Elizabeth Millen raised 11 kids with wisdom, determination and resilience, but she never saw any of that in herself. "I'm just a peon," Matt's mom would say. Young Matt started thinking the same way: I'm just a peon.
But then the world started sending him a contradictory message. As a sophomore at Whitehall High School, Millen was named all-state on an undefeated team that was ranked first in Pennsylvania. He fell into the trap of thinking he was better than everyone else.
Then he reflected on who the world thinks we are versus who we think we are. It was Mom's example that helped him realize he was the only one who could determine his self-worth.
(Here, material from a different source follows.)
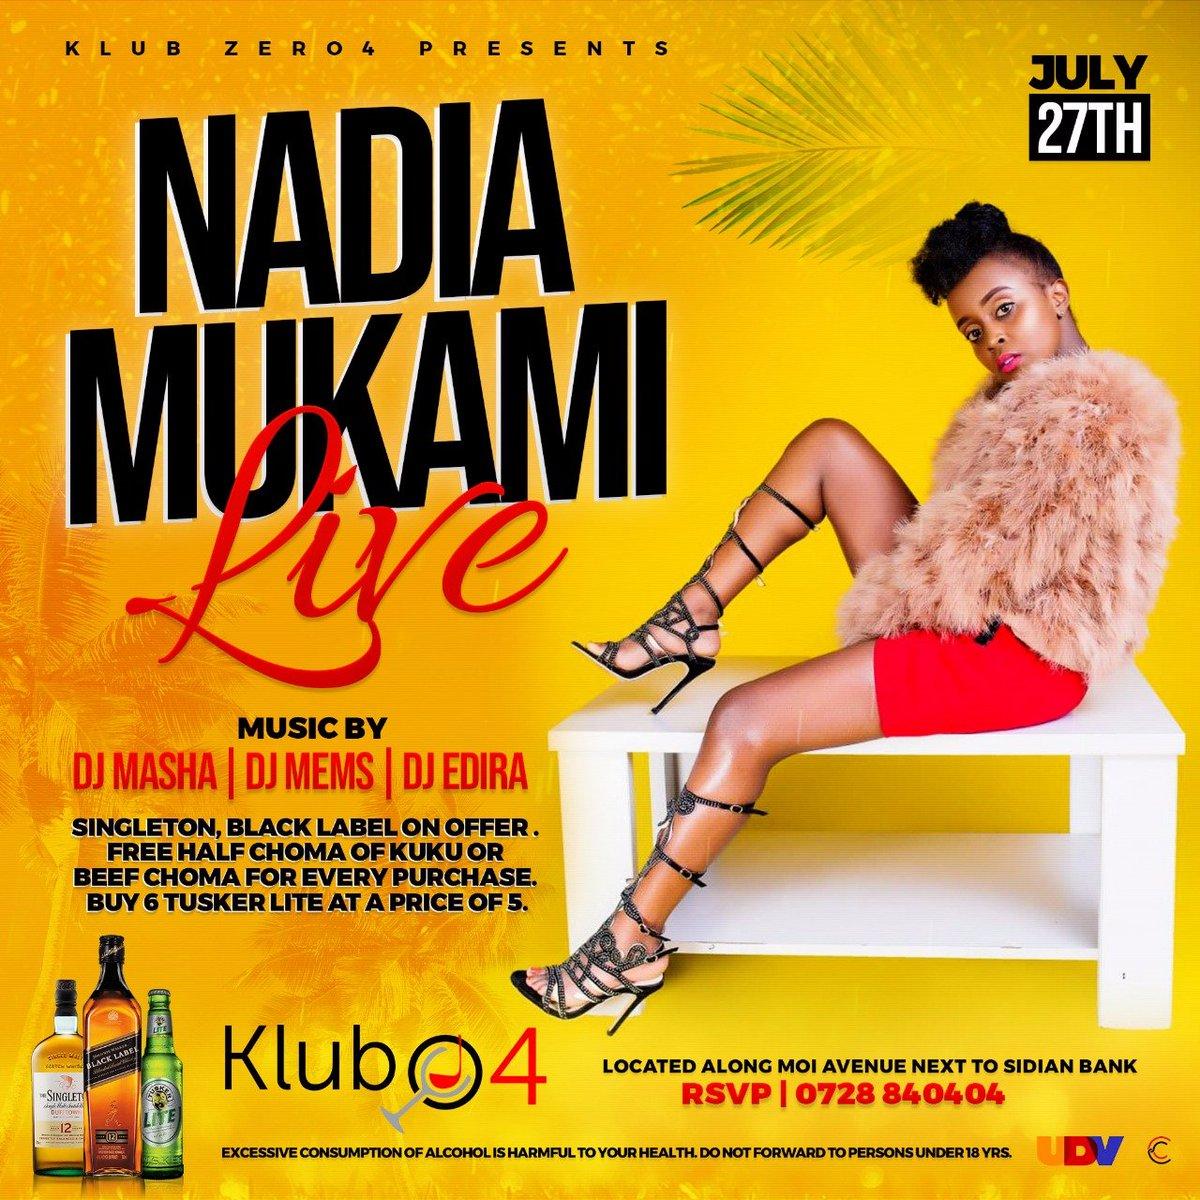 i will be hosting @nadia_mukami next saturday  @klubzero4 mombasa cbd . it will be lit . mark your calendars . #dj #mystyle #thethrillingone #NadiaMukamiLive #gainwithxtiandela #gainwithcarlz #gainpost #gaintrain #gainwithbundi #gainfollowers #mombasa #kenya<br>http://pic.twitter.com/jpHQiSShQQ

"I took a self-check," he says. "And everything started to click. I started to mature. I said, From now on, I need to realize I'm no better than everyone else, no worse."
The perspective remained at Penn State, where he became an All-American defensive tackle in 1978, and throughout a 12-year NFL career. He became one of the best middle linebackers in the NFL, and he ran the Raiders locker room.

He was underrated as a player, making just one Pro Bowl, but for him, it wasn't about what the world thought he was—just like it wasn't about what the world thought he was in high school and in college.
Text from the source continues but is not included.